Tag Archives: generic detection

Evolutionary Antivirus

First evolution

The technologies antivirus companies use to detect malware evolve over time to meet the ever-changing threat landscape. The first evolution was signature-based detection, which had a lot of good properties. Signature-based malware detection extracts common byte sequences — also called signatures — from multiple files of the same malware variant. If these sequences also match another file, it is detected as being malicious. One drawback of signatures is that often a small number of differing bytes leads to the signature not matching anymore. As a result, polymorphic malware was created, which always has completely different sequences of bytes, and therefore malicious sequences could not be found any more. In many cases signatures are still very useful and especially the time to release a signature is very short.

Second evolution

The second evolution was generic detection, which was able to easily handle most polymorphic files. By manually researching malicious files in depth, file properties could be identified, which then in combination could be used not only to detect polymorphic files but, in general, are so powerful as to detect whole families of files. Often, generic detection uses a rule-based system. An example of a generic rule with the capability to detect malicious files writing to the Windows folder could be very simplified:

file_size < 5kb & file_writes_to_windows_folder & file_not_signed

Generic detection is in general very powerful and can also incorporate the program’s behavior. While this kind of detection is also old, it is still widely used. The reason why generic detection loses its relevance is not a matter of quality but a matter of quantity. Avira receives hundreds of thousands of potentially malicious files every day. The time to create one rule manually takes from 5 minutes to two hours, and probably thousands of rules have to be created per day. While it was possible in the past to write generic rules for the malware files received each day, it is not possible anymore.

Third (current) evolution

Fully automated learning systems — the third (current) evolution — try to combine the good properties of the first two evolutions, while avoiding their drawbacks. Rather than creating rules, learning systems often learn the difference between good stuff and malware files based on distances. In simple words, this means that if the learning system learned that a specific region only consists of malicious files and an unknown file has a very small distance to the files within that region, it will output that the probability of the unknown file being malicious is very high. This is equal to a human saying: “This file looks very similar to something that I have seen before”.

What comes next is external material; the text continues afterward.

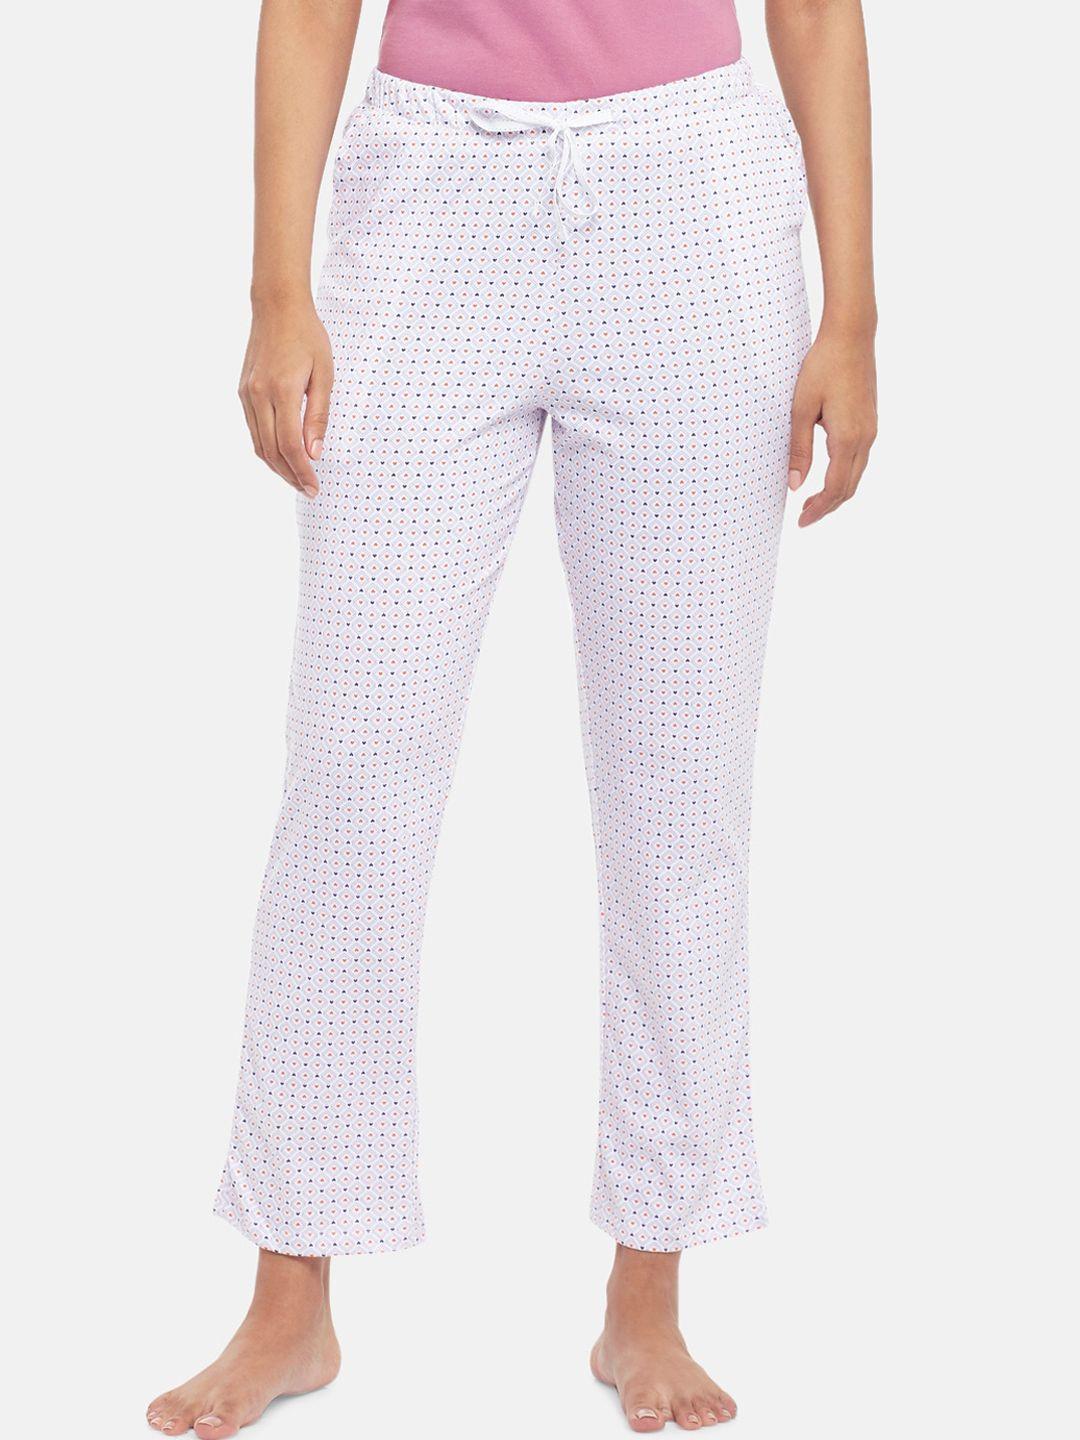 dreamz by pantaloons women white printed lounge pant

Five years ago, Avira started more seriously investigating these systems. In March 2010, my colleague Matthias Ollig and I showed in our master’s thesis, with the title “Recognition of malware by applying techniques of machine learning using static and behavior-based features,” that such a system is not just possible but that it can also deliver a high degree of automatism.

In our fight against malware, only one thing really counts. Speed. If a new malicious file is inserted into the learning system and it is well designed, it does not just detect this one file but the whole malware family — within minutes.

Over the last four years, Avira management have made several big investments in the automated learning system with the internal name NightVision. NightVision has ~8TB of RAM, ~750 CPU cores and ~50 CUDA capable GPUs. Due to these investments, NightVision now not only protects our paying customers but also all of our free-version customers around the globe. By having NightVision in place, the antivirus researchers can now put their attention towards the most important thing: Analyzing the most current daily threats.